The official purchasing managers index (PMI) was 50.3 in March, the National Bureau of Statistics said in a statement on Tuesday, up from 50.2 in February, which was an eight-month low.
The index tracks manufacturing activity in China’s factories and workshops and is a closely watched indicator of the health of the economy. A reading above 50 indicates growth.
“The PMI index rose slightly in March and ended the trend of falling for three consecutive months…. It still indicates economic growth will stabilise in the future,” the statement quoted Zhang Liqun, an economist at the state-backed Development Research Centre, as saying.
The market had expected PMI to remain unchanged in March at 50.2, according to a poll of economists by Dow Jones Newswires.

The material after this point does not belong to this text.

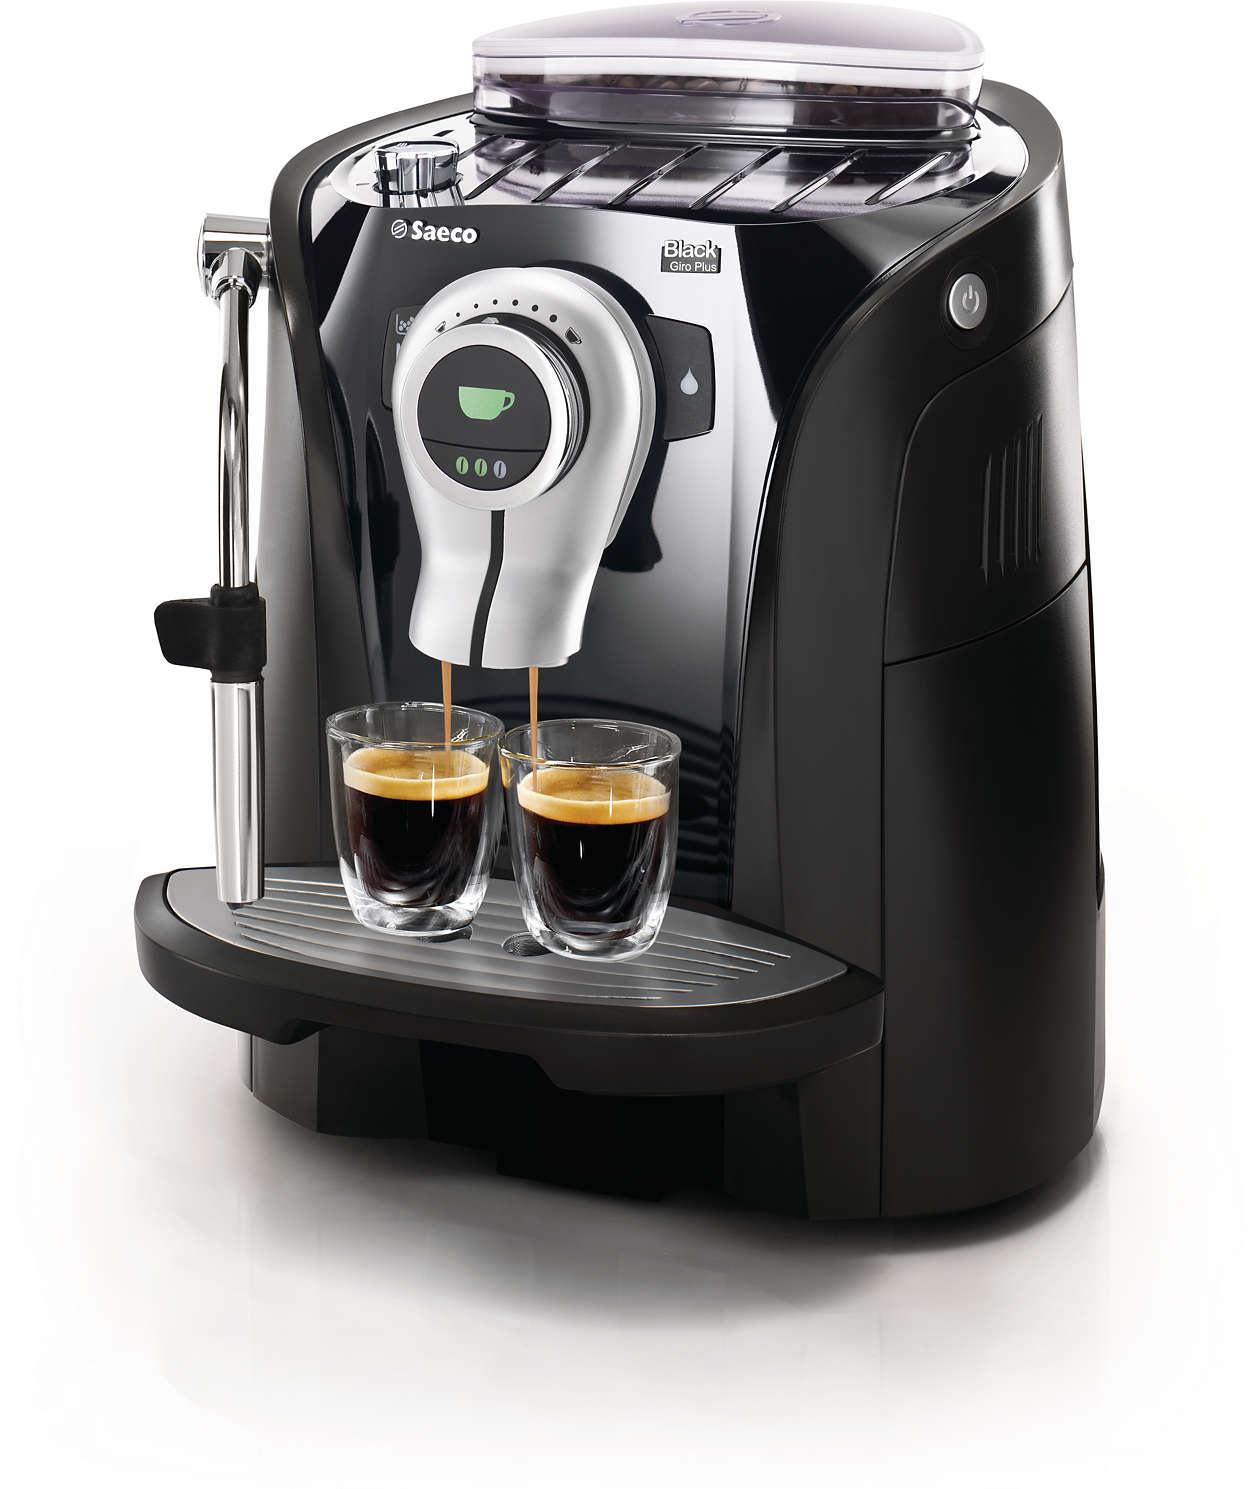 odea automatisk espressomaskin ri9755 11 saeco. Black Bedroom Furniture Sets. Home Design Ideas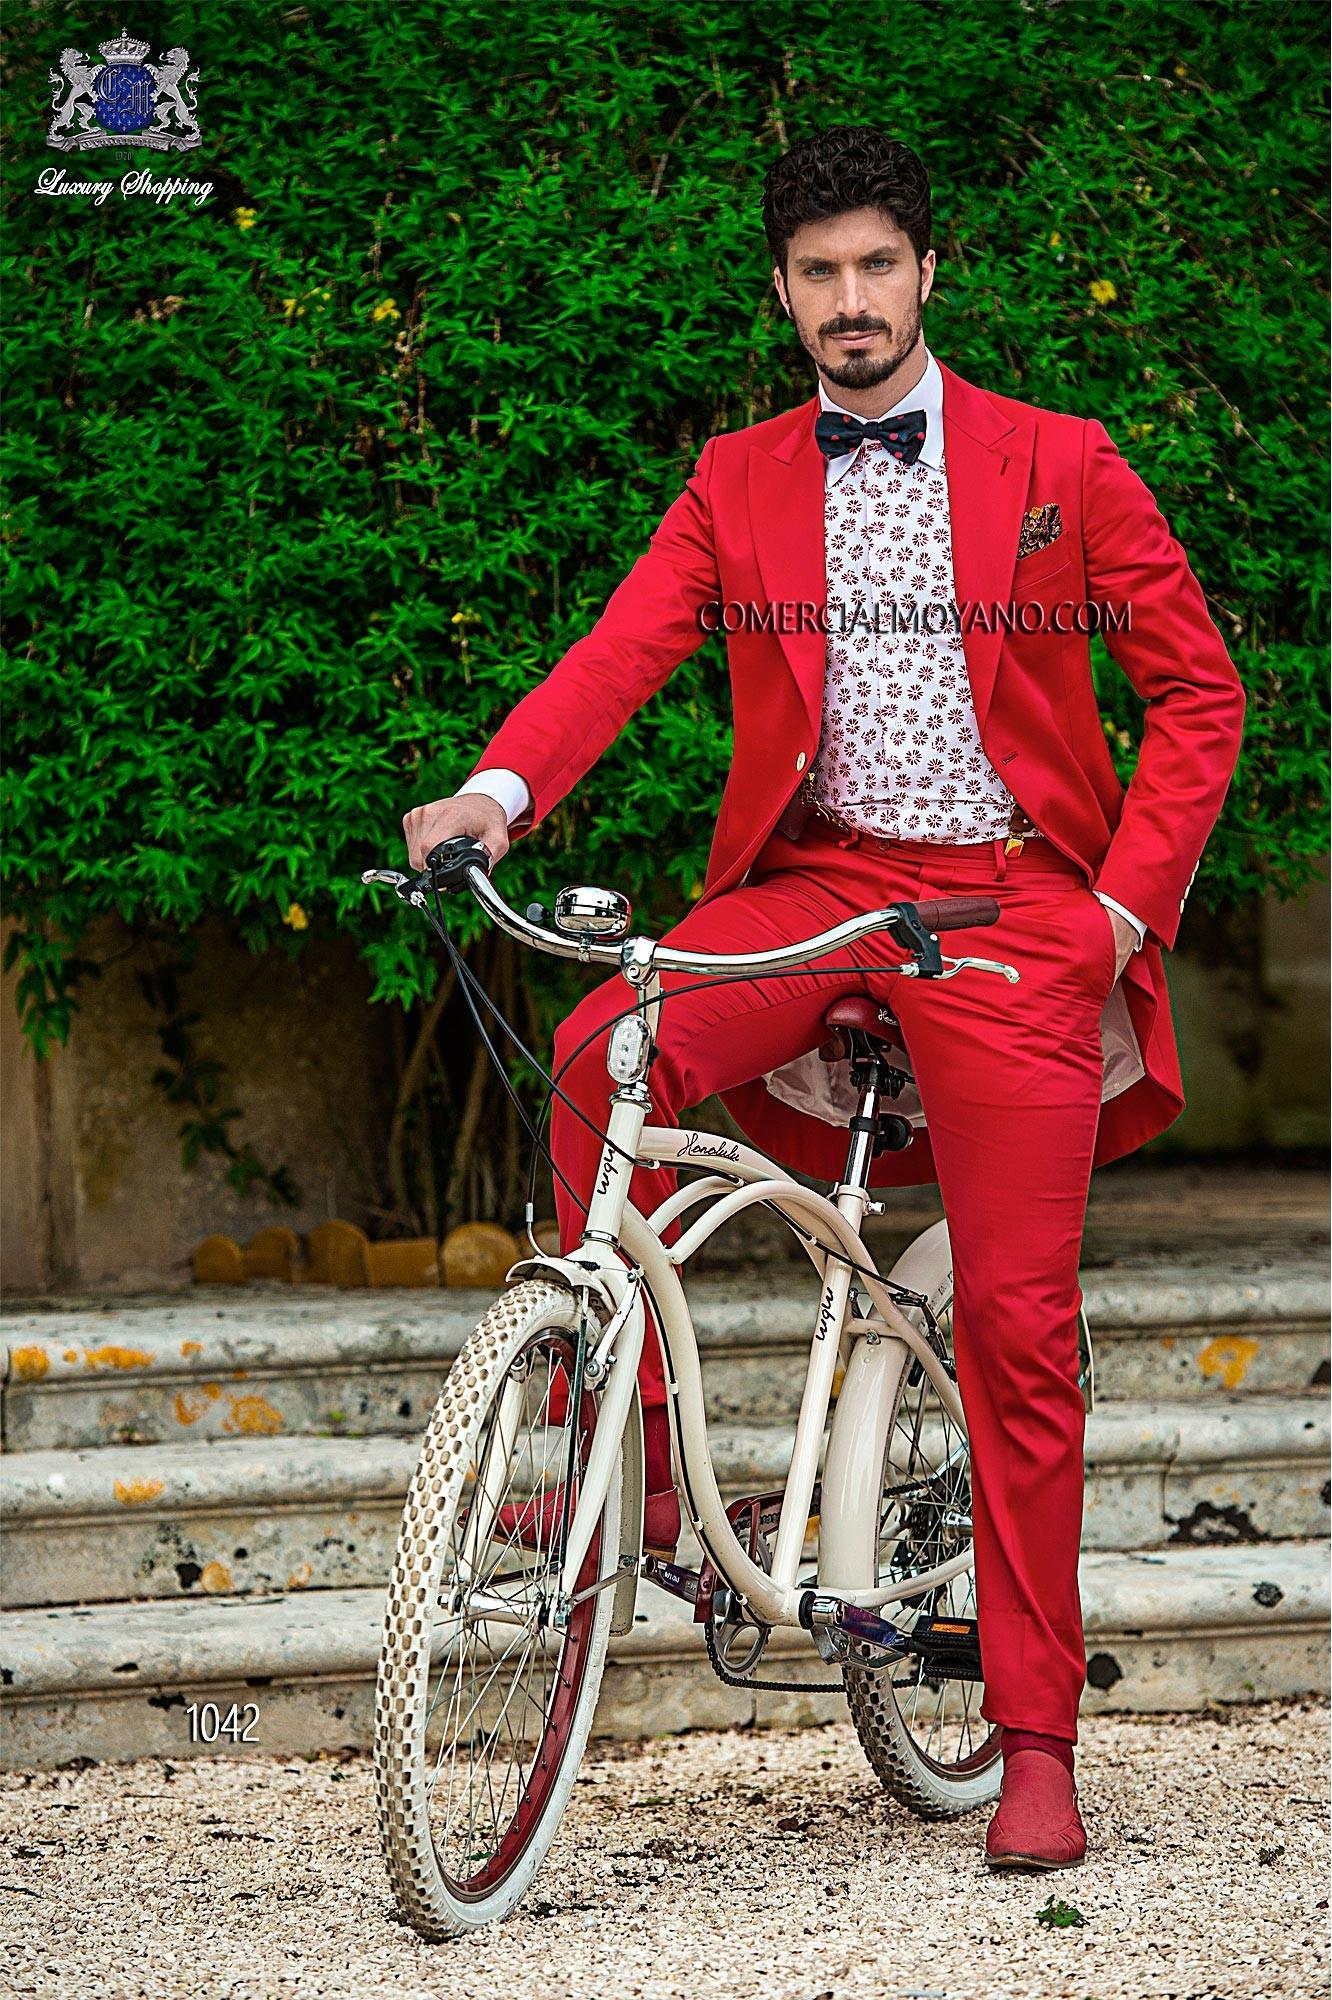 Traje de novio Hipster rojo modelo: 1042 Ottavio Nuccio Gala colección Hipster

A preliminary estimate by British bank HSBC, which gives greater weight to smaller companies, put China’s PMI at a weaker 48.1 in March.
Analysts largely expect the government to take steps to boost the economy, though most have ruled out a huge stimulus package, instead expecting moves such as a cut in the amount of funds banks must place in reserve with the central bank.
“The rebound this time reflects the economy remained weak, but it’s slightly better than market expectations,” said Zhou Hao, a Shanghai-based economist with ANZ bank.
“I expect the government to be more active… arranging fiscal expenditure in advance for some lagging projects,” he said.
Last month, Chinese Premier Li Keqiang set the nation’s annual growth target at “around” 7.5 per cent, the same level as the goal for last year.
China’s economy actually grew an annual 7.7 per cent in 2013, the same as in 2012 – which was the slowest since 1999.
The official Xinhua news agency on Monday quoted Chinese analysts as saying economic stimulus was unlikely.
“With further shrinkage in China’s growth on the cards in Q1 (the first quarter), reform will be used to fend off economic slowdown rather than an economic stimulus,” it said in an analysis.
China is due to release figures for first quarter gross domestic product on April 16.